E-Commerce Reforms in Developing Countries
In order to bring the same level of usage of internet and ecommerce in the developing countries as it is in a developed country, there is the need to address regulatory, economic as well as social issues. It is easier to make consumers realize ecommerce benefits if the political and regulatory barriers are overcame. The above-mentioned barriers are easier to overcome as compared to socioeconomic barriers. From previous literature, it is evident that primary factors negatively affecting ecommerce adoption and growth are low internet usage, high costs of using internet, inefficient delivery systems and low penetration of electronic payment modes such as credit cards. These factors are critical in relevance to developing economies. It is clear that there is need of the mechanism that supports electronic payment which means there needs to be strong link between the financial institutions and ecommerce development if the ecommerce business is to be promoted. Such electronic payment system needs to be efficient in order to facilitate the adoption as well as diffusion of ecommerce. Previous literature also reveals that there is strong need of high security so that clearance and authorisations can be trusted. The method of cash on delivery that is utilised by many ecommerce businesses is not effective when the business is online.
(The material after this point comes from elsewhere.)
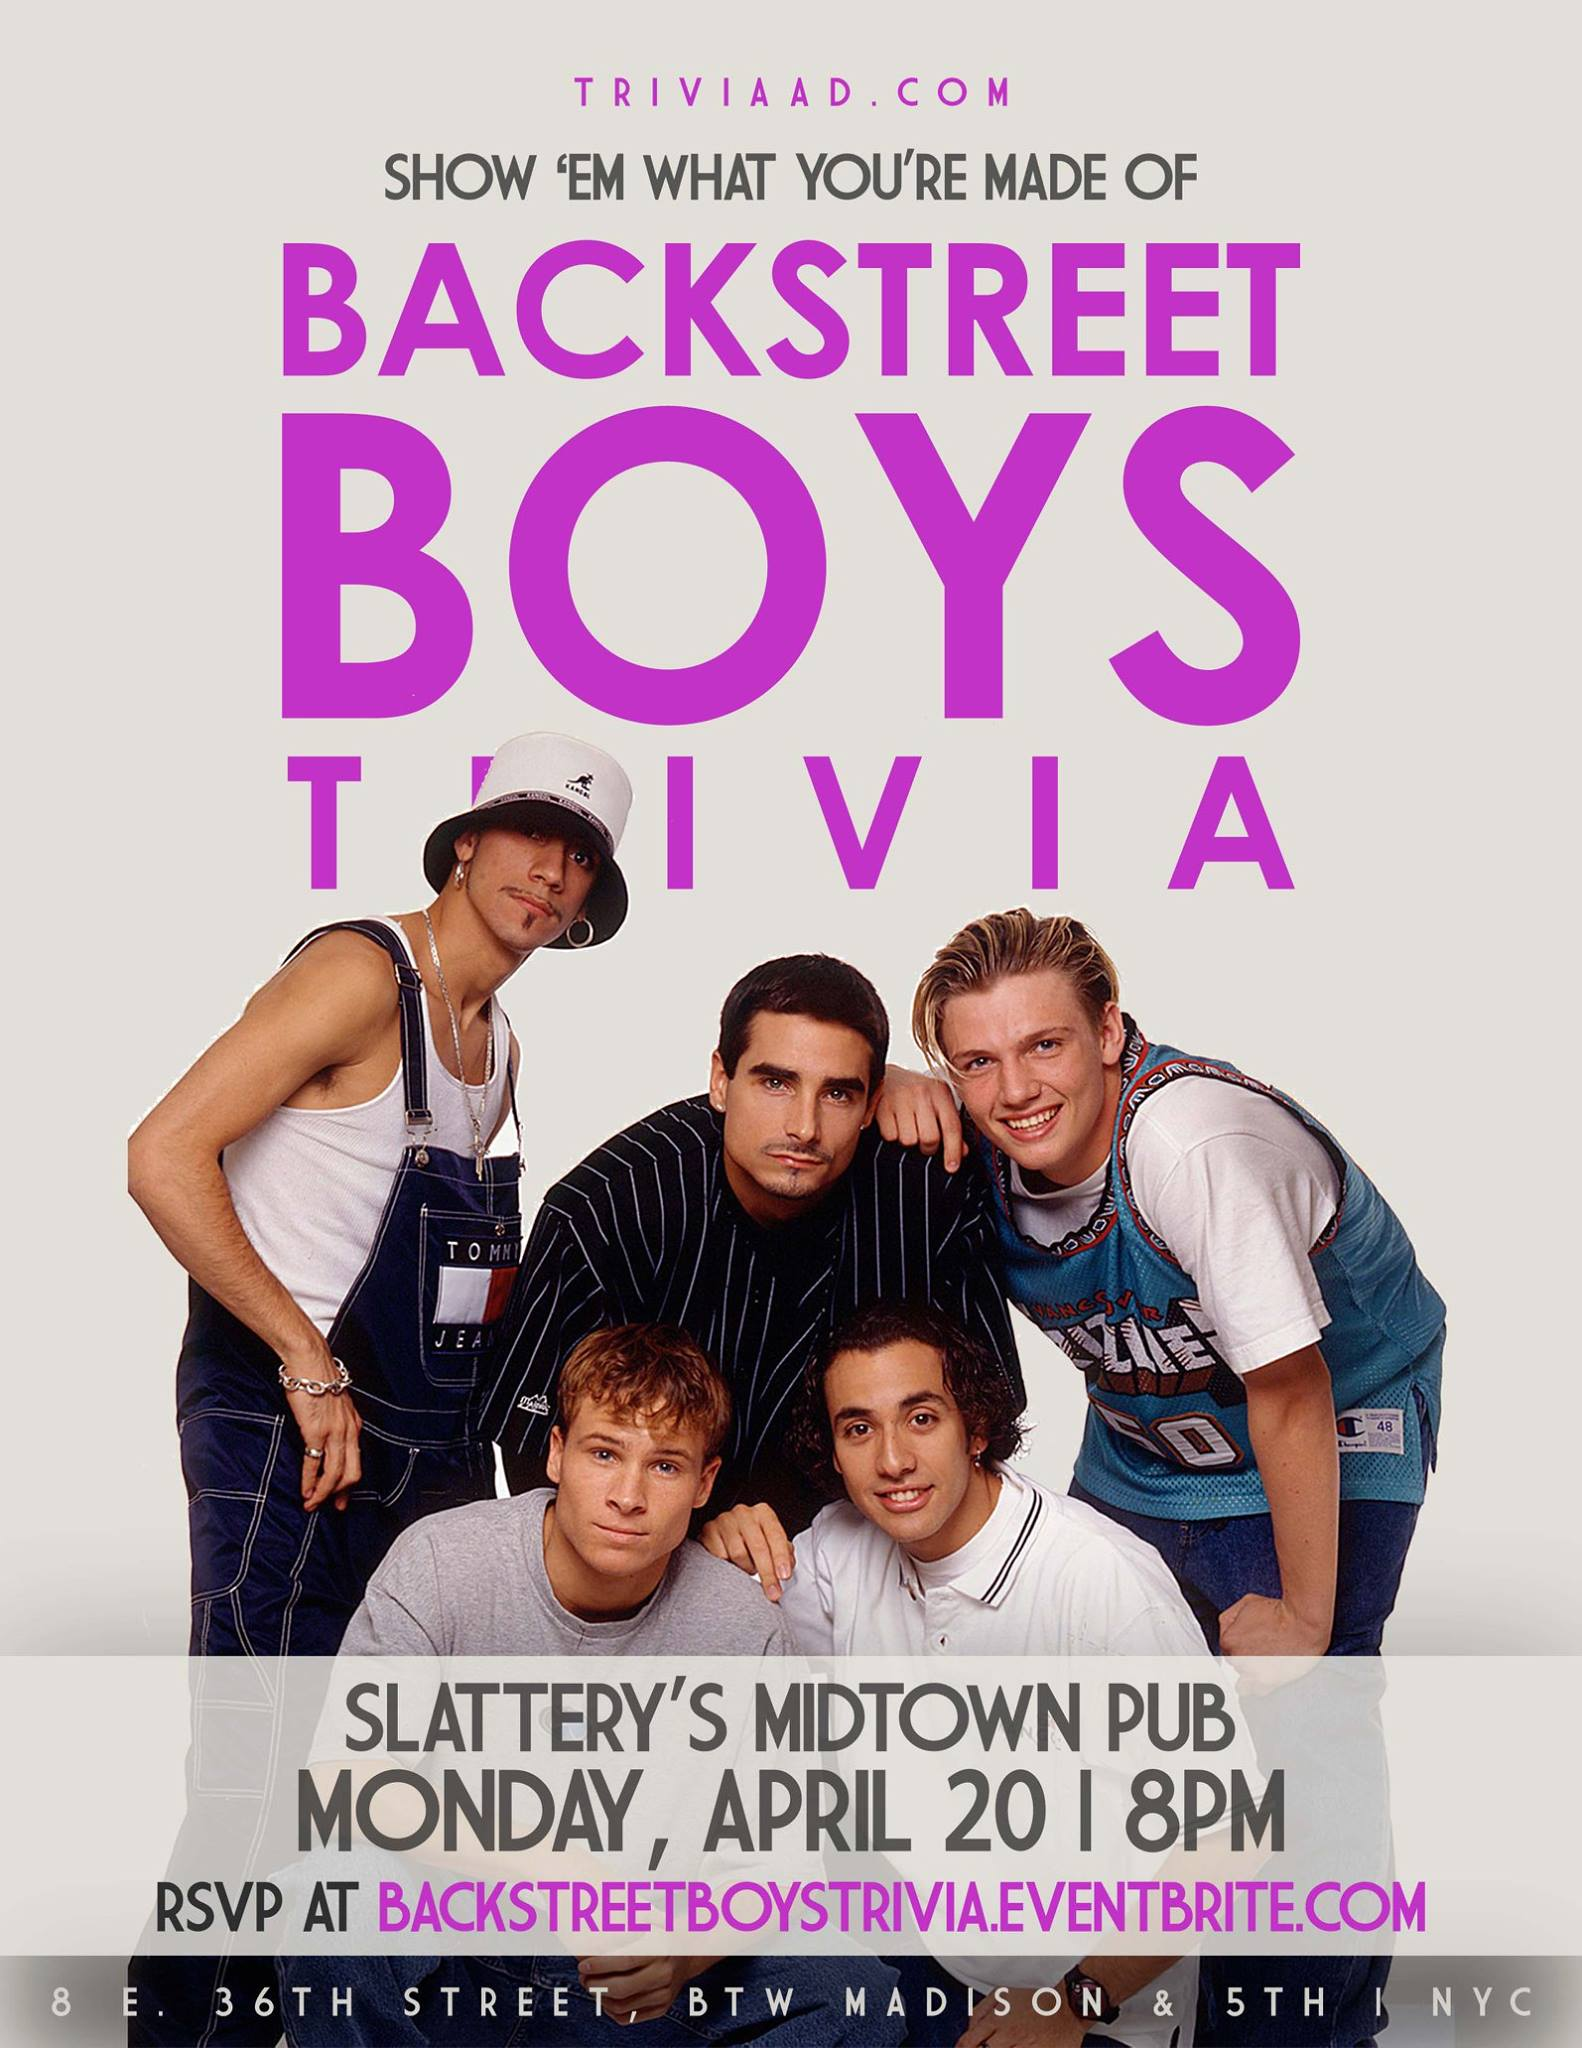 Backstreet Boys Trivia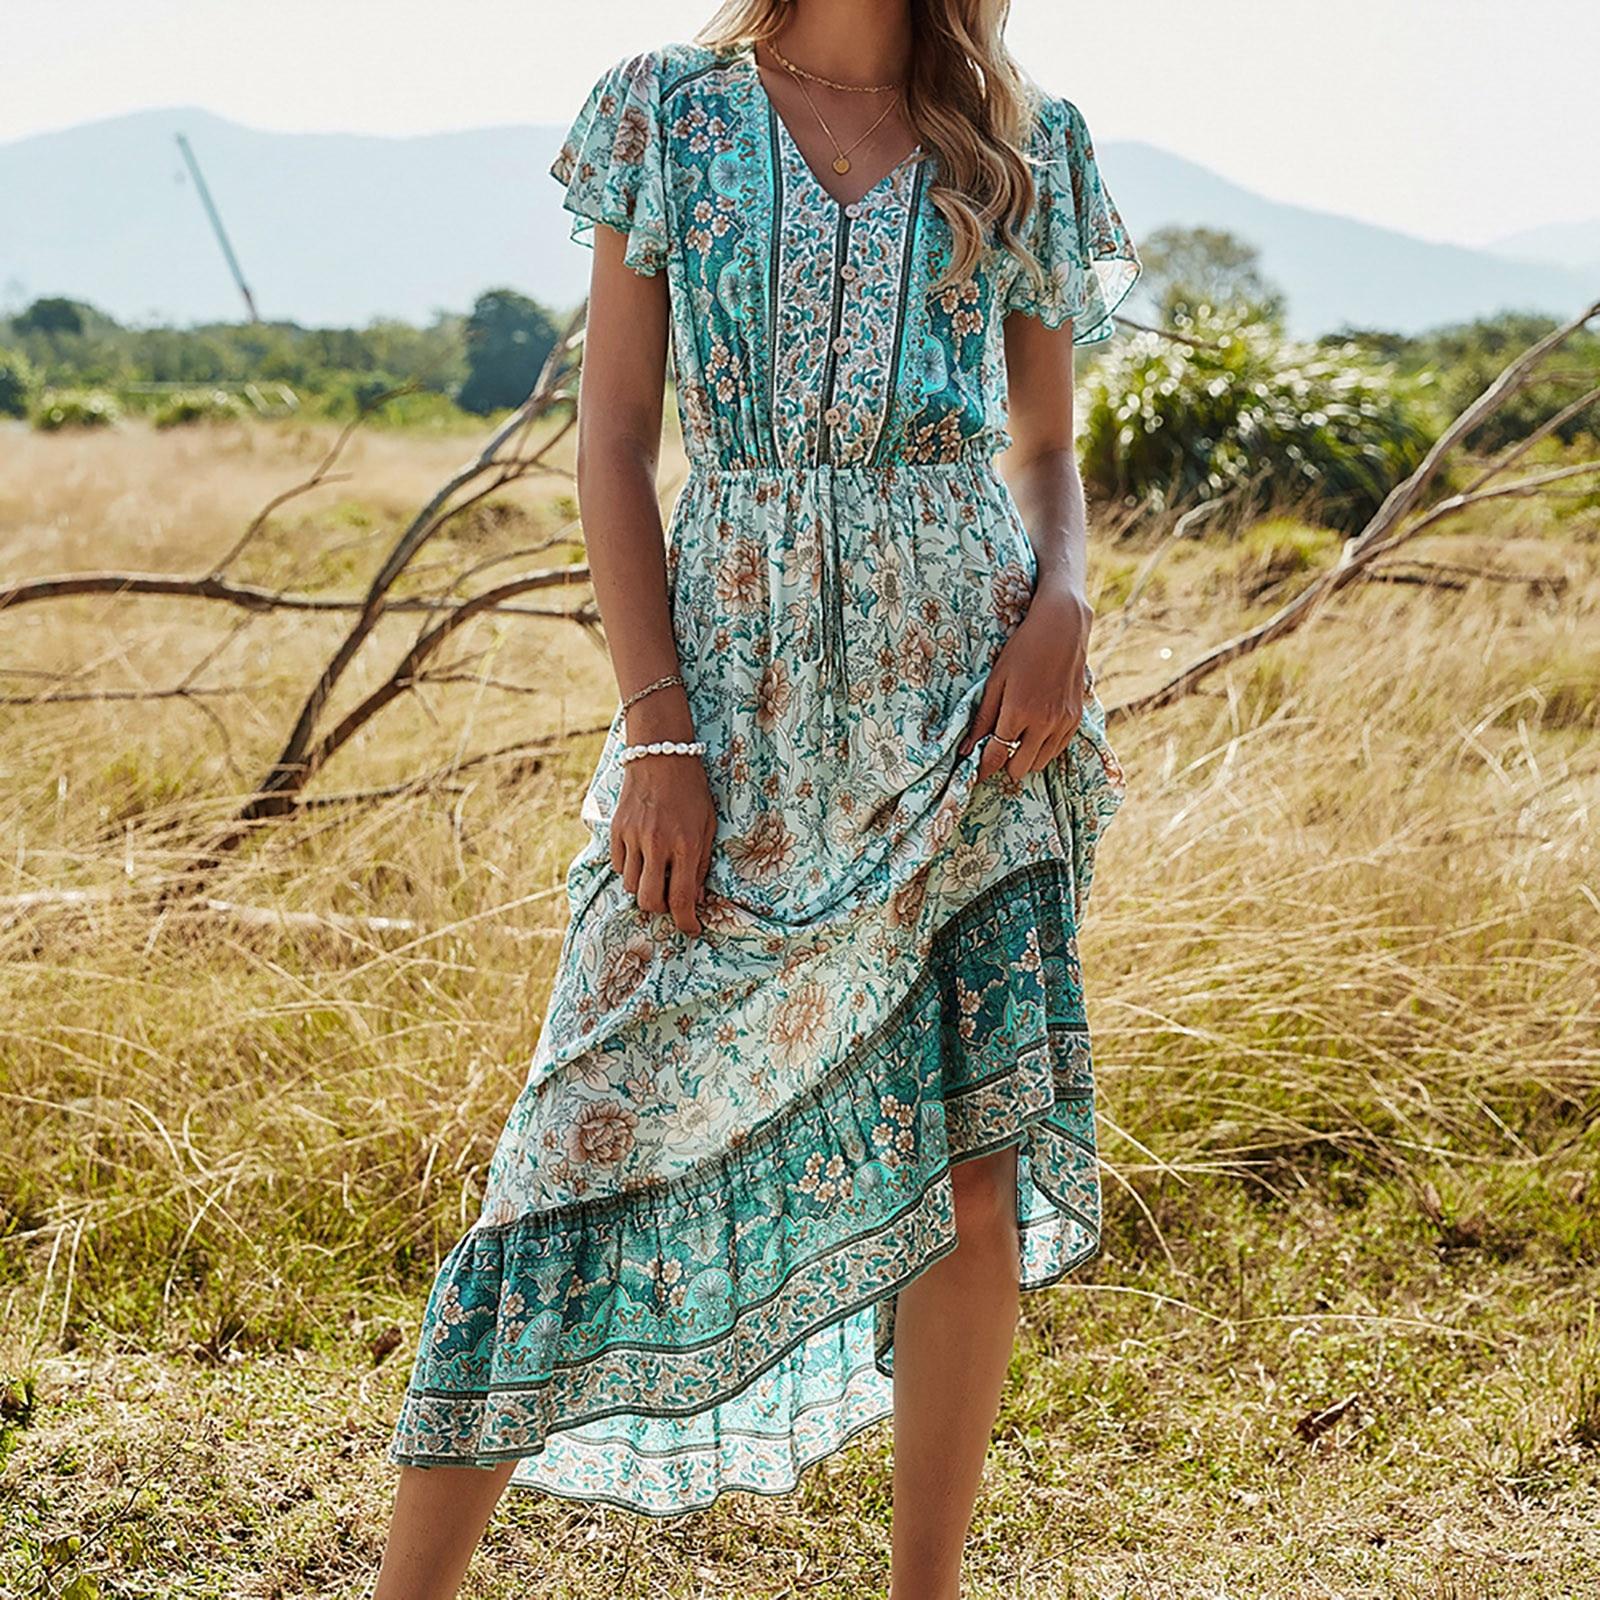 Women Summer Maxi Dress Boho Flowers Print Button Down Flare Sleeve Loose Dress Casual Dresses Woman Party Night Beach Dresses|Dresses| - AliExpress

The need of electronic payment system is evident in the case of business to business transactions if cost effectiveness as promised by the service provider is to be achieved. Another area requiring attention is the security of financial transactions where liability must be clearly identified and practiced. Use of credit cards varies in the countries as in China; consumers avoid audit trails possible through credit cards. On the other hand, in Taiwan, consumers fear theft of identity and unlimited liability in case of fraud that makes them unwilling to use the credit card for online internet transactions.
Another obstacle in ecommerce business success is the absence, of any central bank or financial institution payment mechanism that can monitor ecommerce transactions in order to ensure full efficiency. In order to allow on time delivery through ecommerce, it is necessary that the transactions are authorised in real time between the payment institution and internet business. There is the comparatively, lower institutional risk if the time between authorisation and actual payment is shorter. Lastly, there needs to be an effective delivery system that can enable faster development to ecommerce. This is because of the prime benefit of ecommerce is speed and thus just-in-time processing is the key to success. If there is the absence of efficient physical delivery and distribution system, then ecommerce cannot sustain.